**Exercise brief:** After finding the line containing "Black%20geo%203_edited.jpg" below, please output that line and each following one through the line containing "Dst Modern Heart", exactly as written.

**Dataset content:**

>>

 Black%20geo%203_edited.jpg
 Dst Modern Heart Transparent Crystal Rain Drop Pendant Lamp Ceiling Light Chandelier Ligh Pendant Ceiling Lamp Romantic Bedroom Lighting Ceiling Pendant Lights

<<
>>

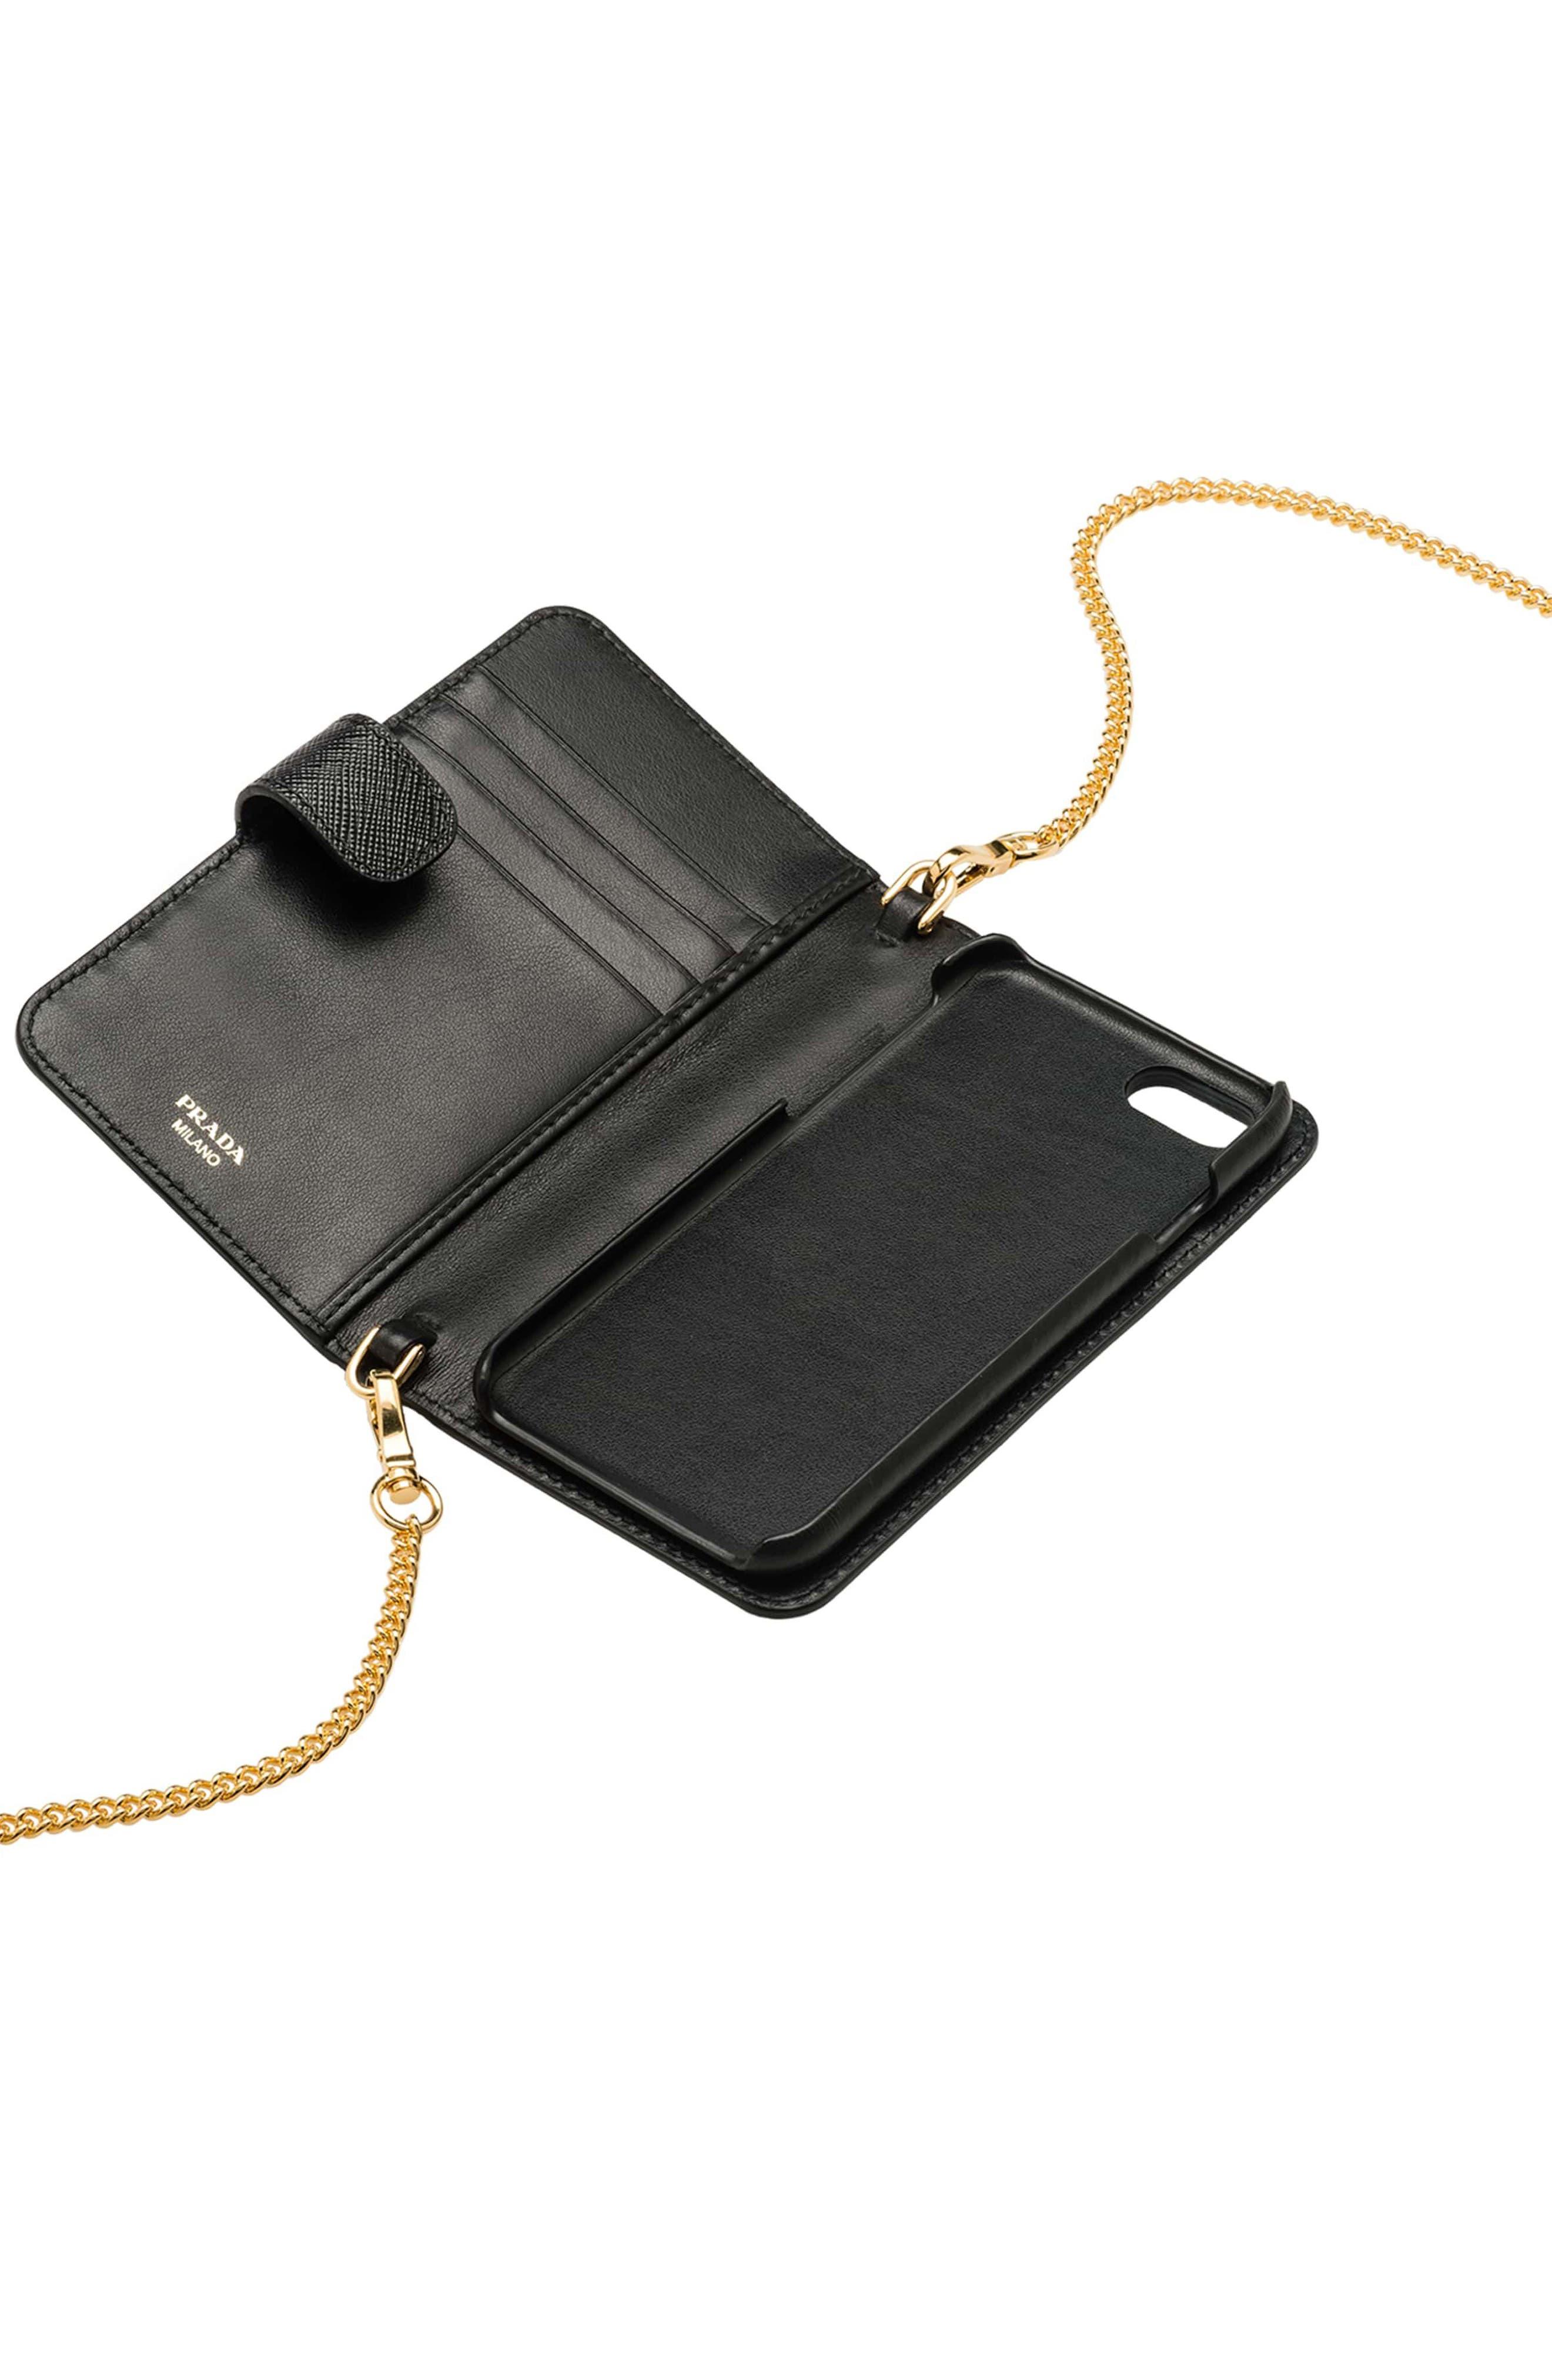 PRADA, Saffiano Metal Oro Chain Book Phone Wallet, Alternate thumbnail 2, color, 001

<<
>>

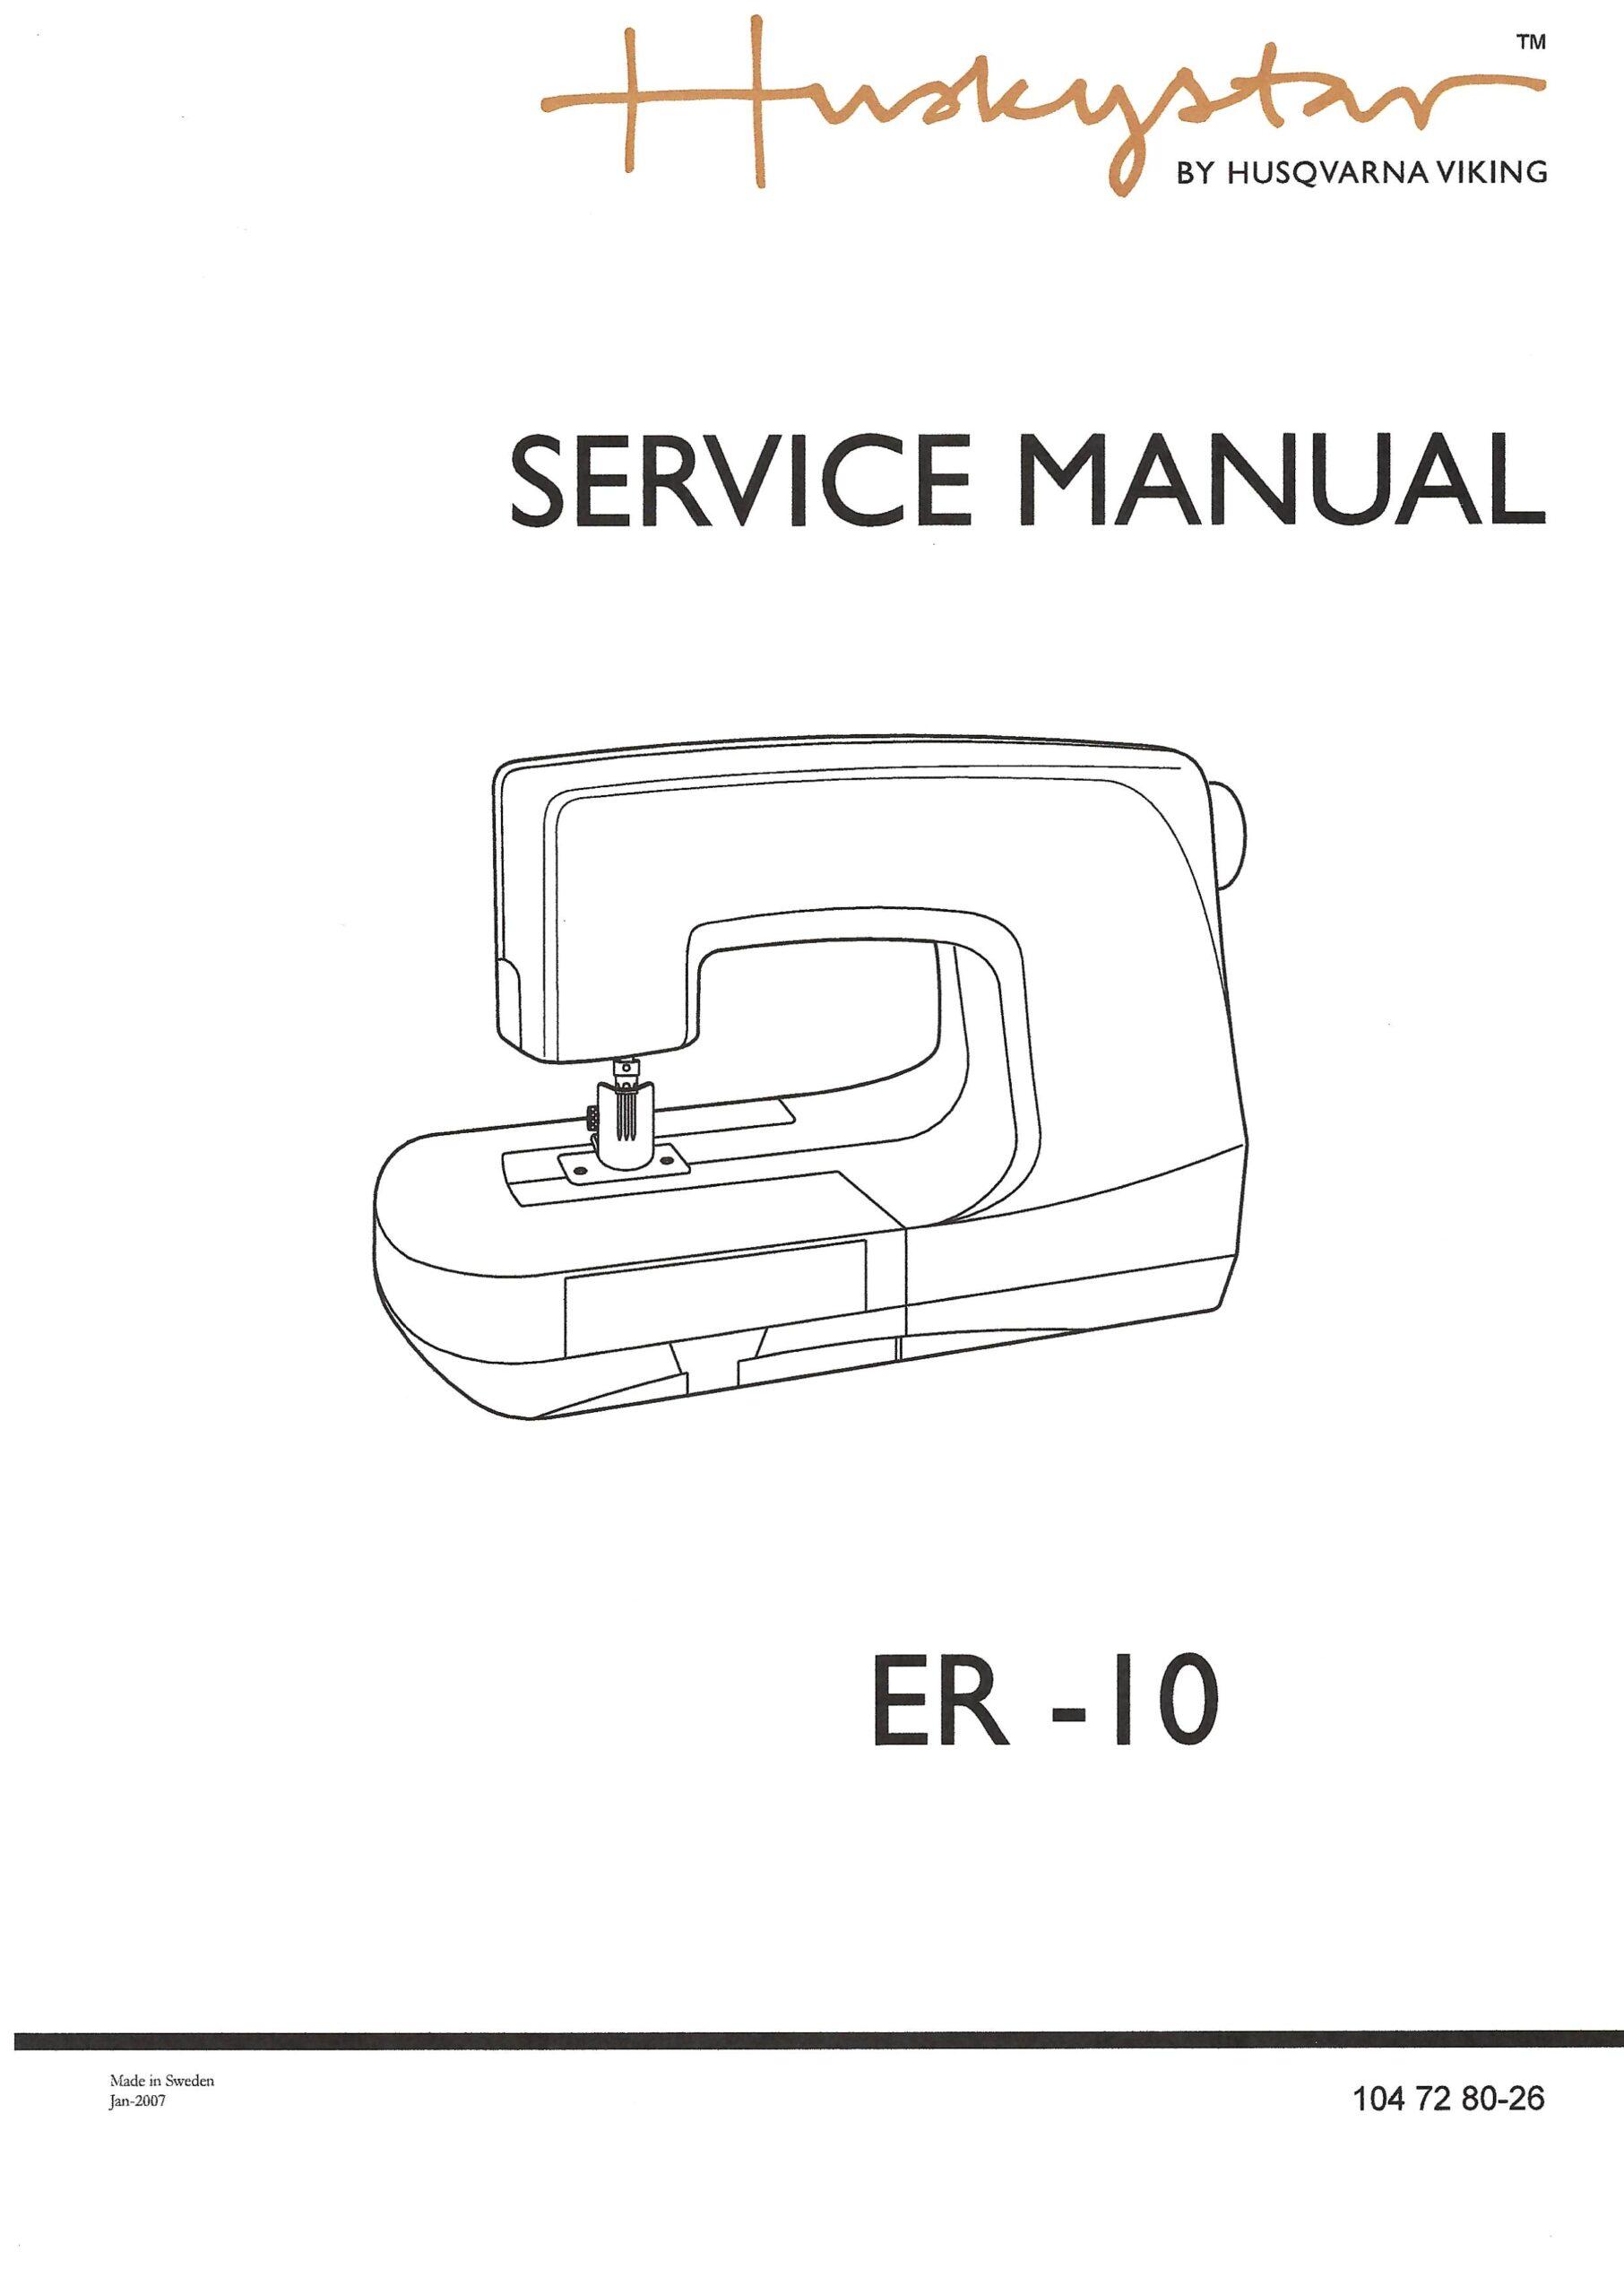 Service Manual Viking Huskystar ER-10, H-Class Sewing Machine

<<

**Answer section:**
 Black%20geo%203_edited.jpg
 Dst Modern Heart Transparent Crystal Rain Drop Pendant Lamp Ceiling Light Chandelier Ligh Pendant Ceiling Lamp Romantic Bedroom Lighting Ceiling Pendant Lights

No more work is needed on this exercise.